Problem statement => Leaving the pictures aside, repeat each line below exactly.
◆ ◆ ◆
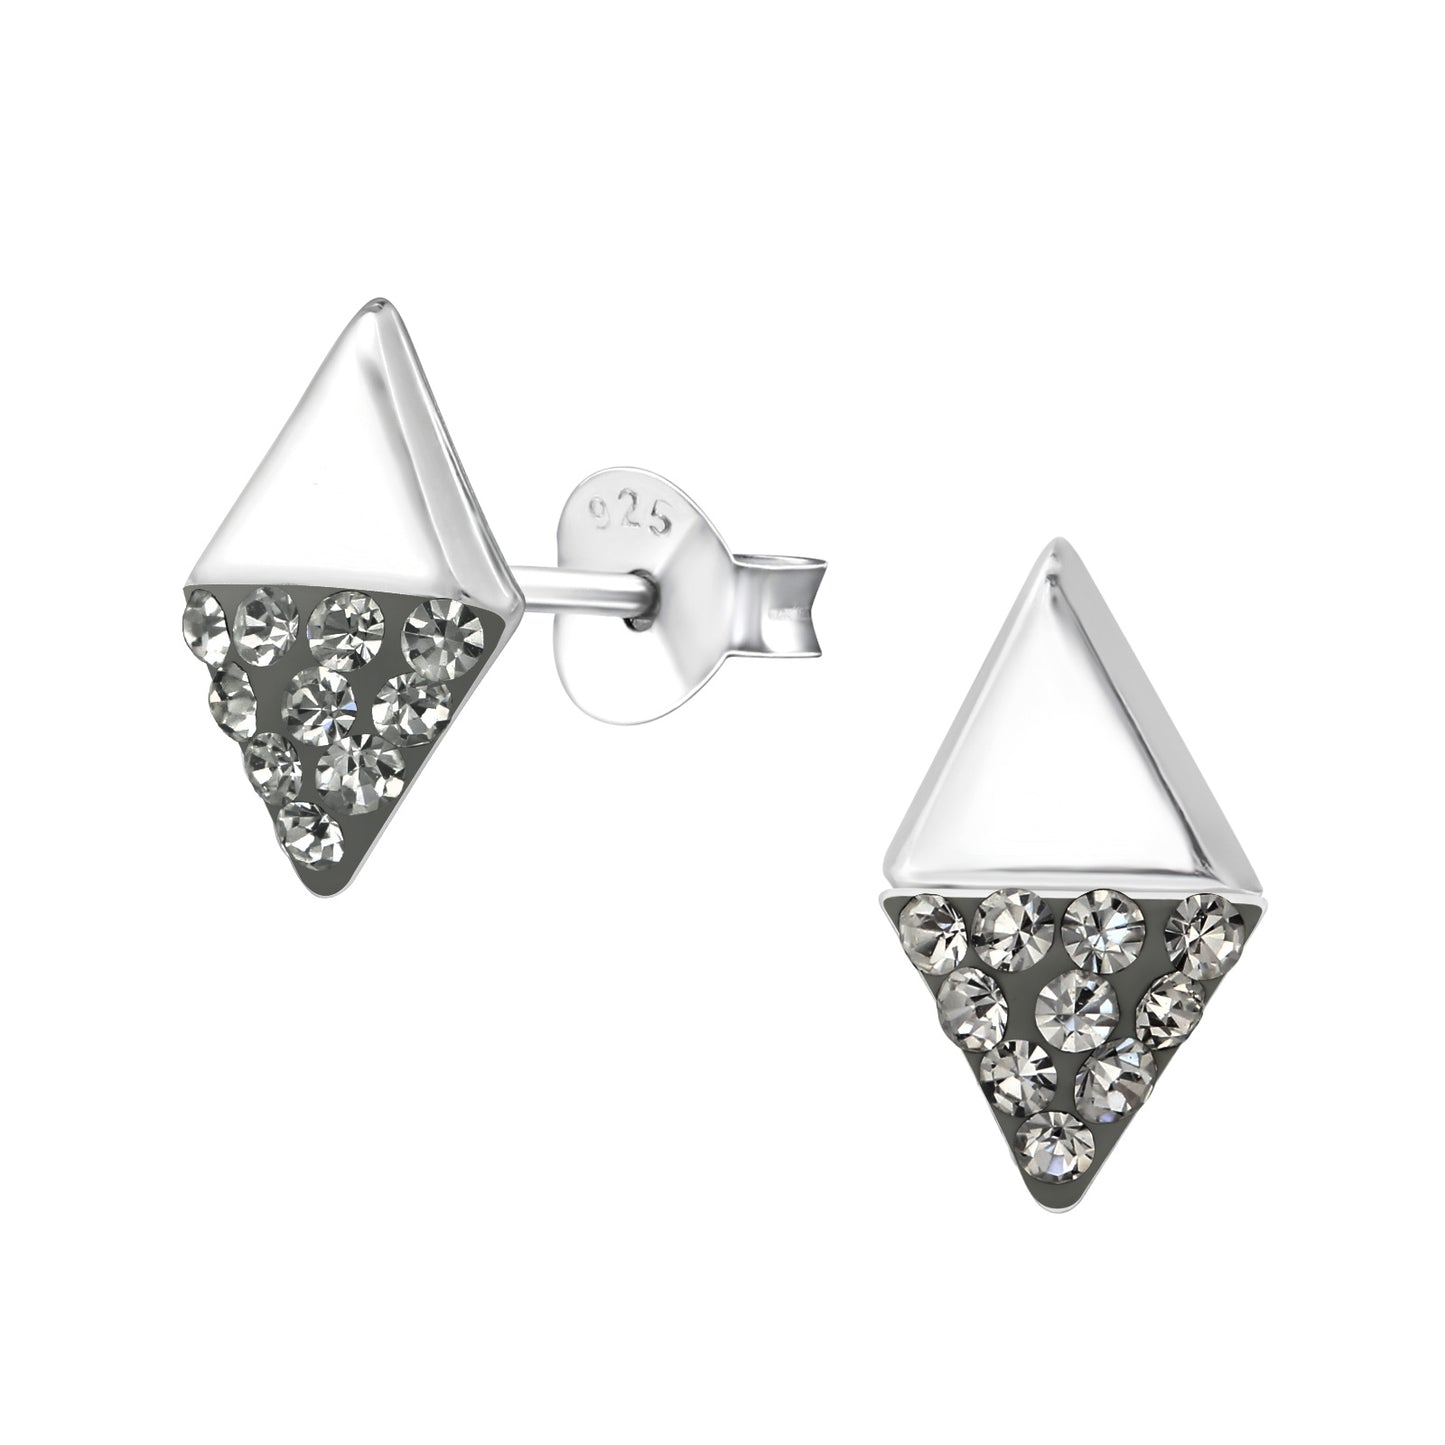 sterling silver earrings, sterling silver earrings for women, ladies sterling silver earrings, handmade jewellery, contemporary jewellery, silver studs 
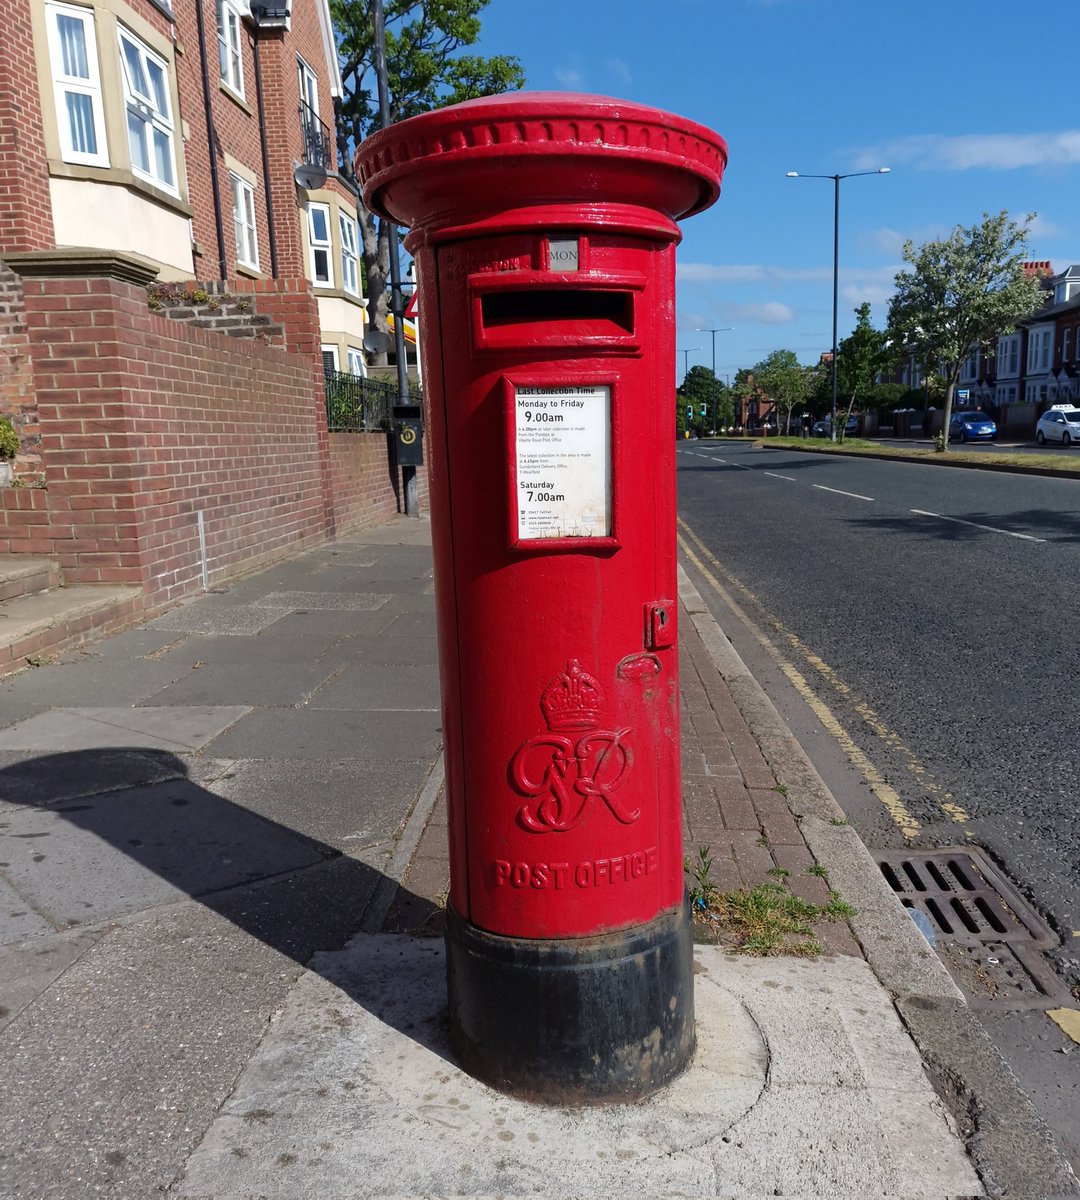 Another George Rex post box found on Ryhope Road, Sunderland. 

#GeorgeRex #LittleRedBoxes #PostBox #RoyalMail
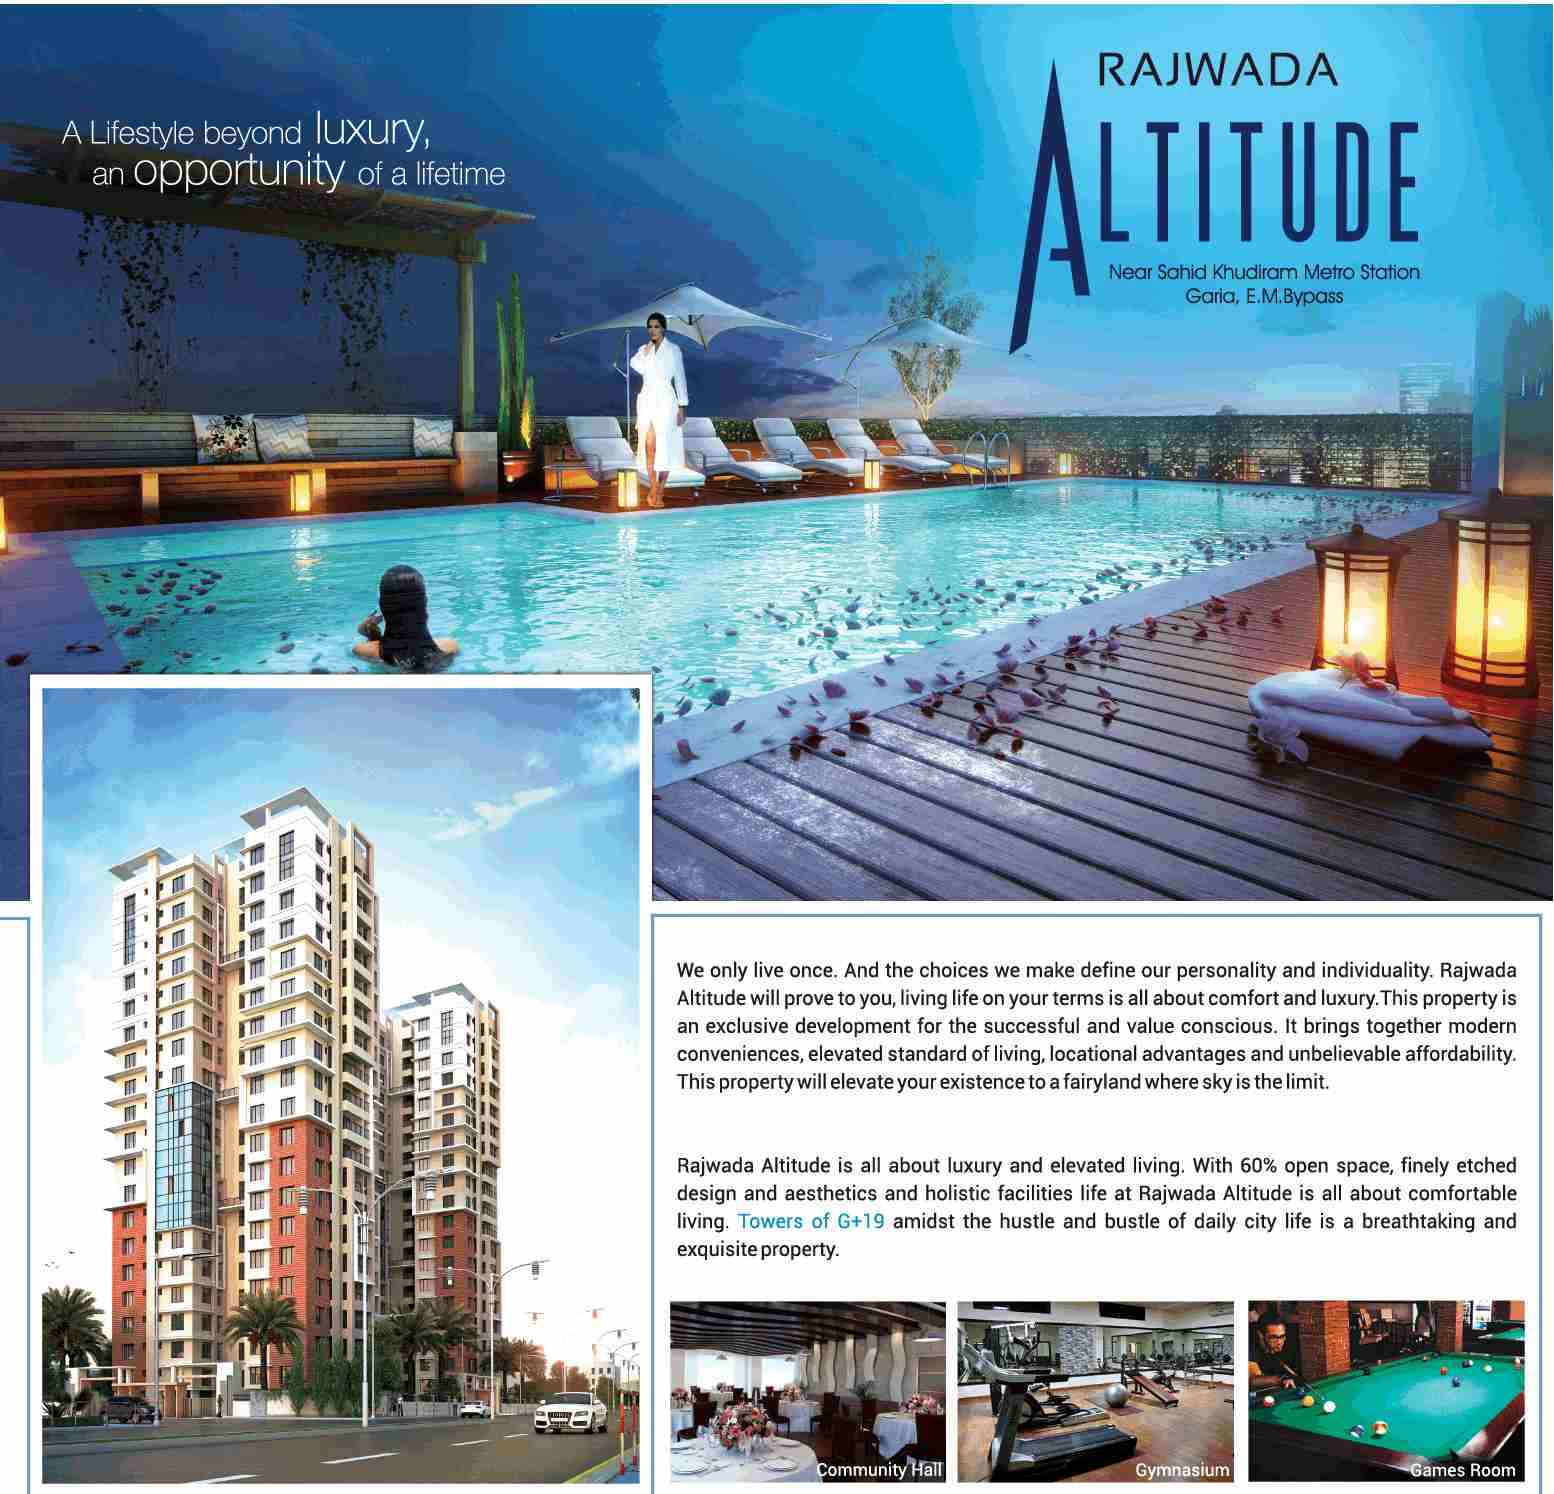 Experience lifestyle beyond luxury & opportunity of lifetime at Rajwada Altitude in Kolkata Update
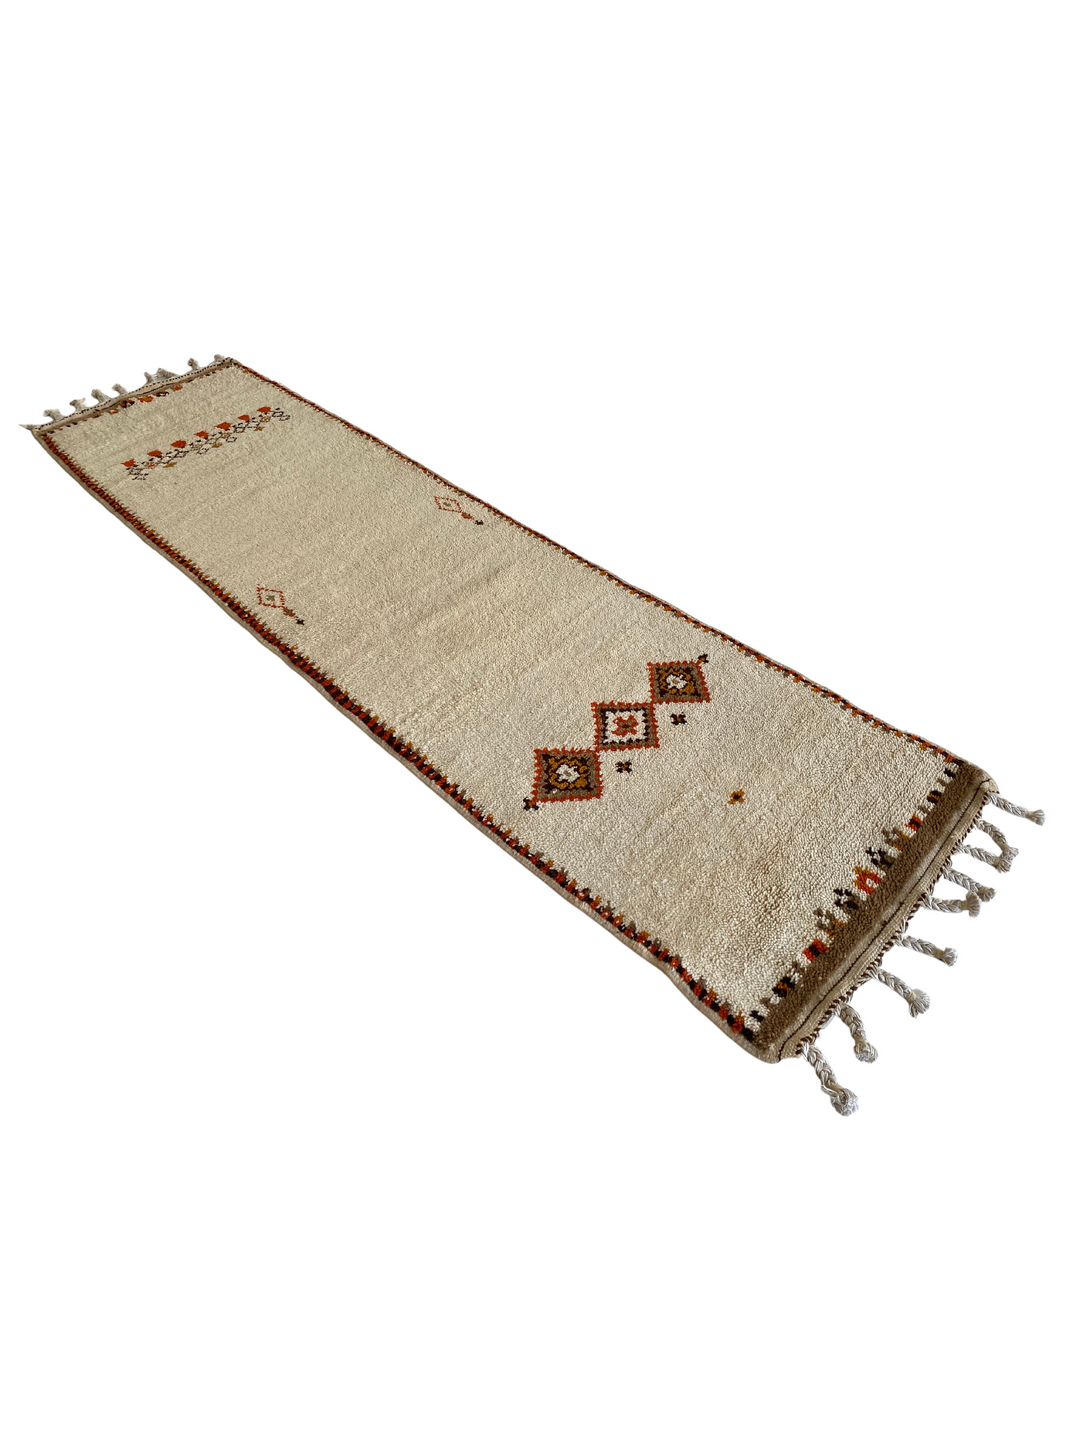 Mane - size: 9.6 x 2.7 - Imam Carpet Co
◆ ◆ ◆
Finished task =>
 sterling silver earrings, sterling silver earrings for women, ladies sterling silver earrings, handmade jewellery, contemporary jewellery, silver studs 
 Another George Rex post box found on Ryhope Road, Sunderland. 

#GeorgeRex #LittleRedBoxes #PostBox #RoyalMail
 Experience lifestyle beyond luxury & opportunity of lifetime at Rajwada Altitude in Kolkata Update
 Mane - size: 9.6 x 2.7 - Imam Carpet Co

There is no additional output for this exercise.